15 KiB
RAG/REFRAG User Guide
Complete Guide to Retrieval-Augmented Fine-Tuning in Nanochat
This guide shows you how to fine-tune your nanochat Mamba or hybrid models using your own documents via RAG (Retrieval-Augmented Generation).
Table of Contents
- Quick Start
- Prerequisites
- Step 1: Prepare Your Documents
- Step 2: Build Knowledge Base
- Step 3: Fine-Tune with RAG
- Step 4: Use Your RAG Model
- Advanced: REFRAG Training
- Troubleshooting
- Best Practices
Quick Start
# 1. Create example dataset
python -m scripts.prepare_rag_dataset --mode example --output data/rag_examples
# 2. Fine-tune hybrid model with RAG
torchrun --standalone --nproc_per_node=8 -m scripts.rag_finetune \
--knowledge_base data/rag_examples/knowledge_base \
--source mid \
--retriever_type simple
# 3. Use the model (see Step 4)
Prerequisites
Required Packages
# Core dependencies (already in nanochat)
uv sync
# For dense retrieval (recommended)
uv pip install sentence-transformers faiss-cpu
# For BM25 retrieval (optional)
uv pip install rank-bm25
# For GPU-accelerated FAISS (optional)
# uv pip install faiss-gpu
Model Requirements
- ✅ Must use Mamba or hybrid model (block_pattern contains "M")

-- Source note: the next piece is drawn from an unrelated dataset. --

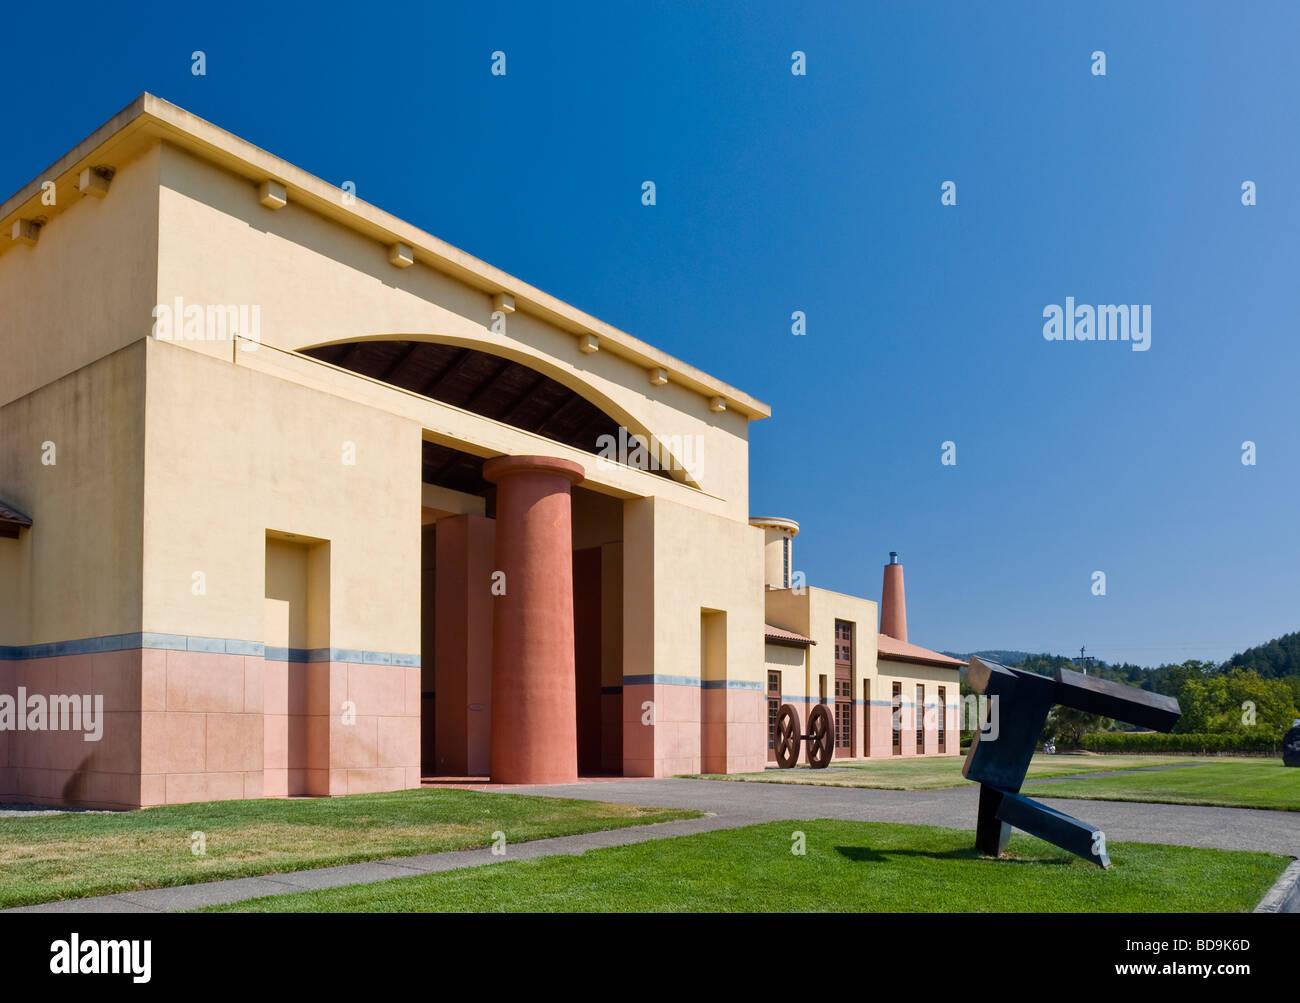 Clos Pegase Weingut, Calistoga, Napa Valley, Kalifornien, Michael Graves, Architekt. Stockbild

- ✅ Recommended: hybrid with early transformer, late Mamba
- ❌ Pure transformer models NOT supported (use for standard fine-tuning)
Step 1: Prepare Your Documents
Format Your Documents
Create a JSONL file where each line is a document:
{"id": "doc_001", "title": "Document Title", "content": "Your document content here...", "source": "optional"}
{"id": "doc_002", "title": "Another Document", "content": "More content...", "source": "optional"}
Example (my_documents.jsonl):
{"id": "policy_001", "title": "Return Policy", "content": "Customers can return items within 30 days of purchase with original receipt. Refunds are processed within 5-7 business days."}
{"id": "policy_002", "title": "Shipping Information", "content": "We offer free shipping on orders over $50. Standard shipping takes 3-5 business days. Express shipping is available for additional cost."}
{"id": "faq_001", "title": "Account Creation", "content": "To create an account, click the Sign Up button and provide your email address. You will receive a confirmation email to verify your account."}
Test with Example Dataset
# Generate example dataset for testing
python -m scripts.prepare_rag_dataset \
--mode example \
--output data/rag_examples
# This creates:
# - data/rag_examples/documents.jsonl (10 example docs)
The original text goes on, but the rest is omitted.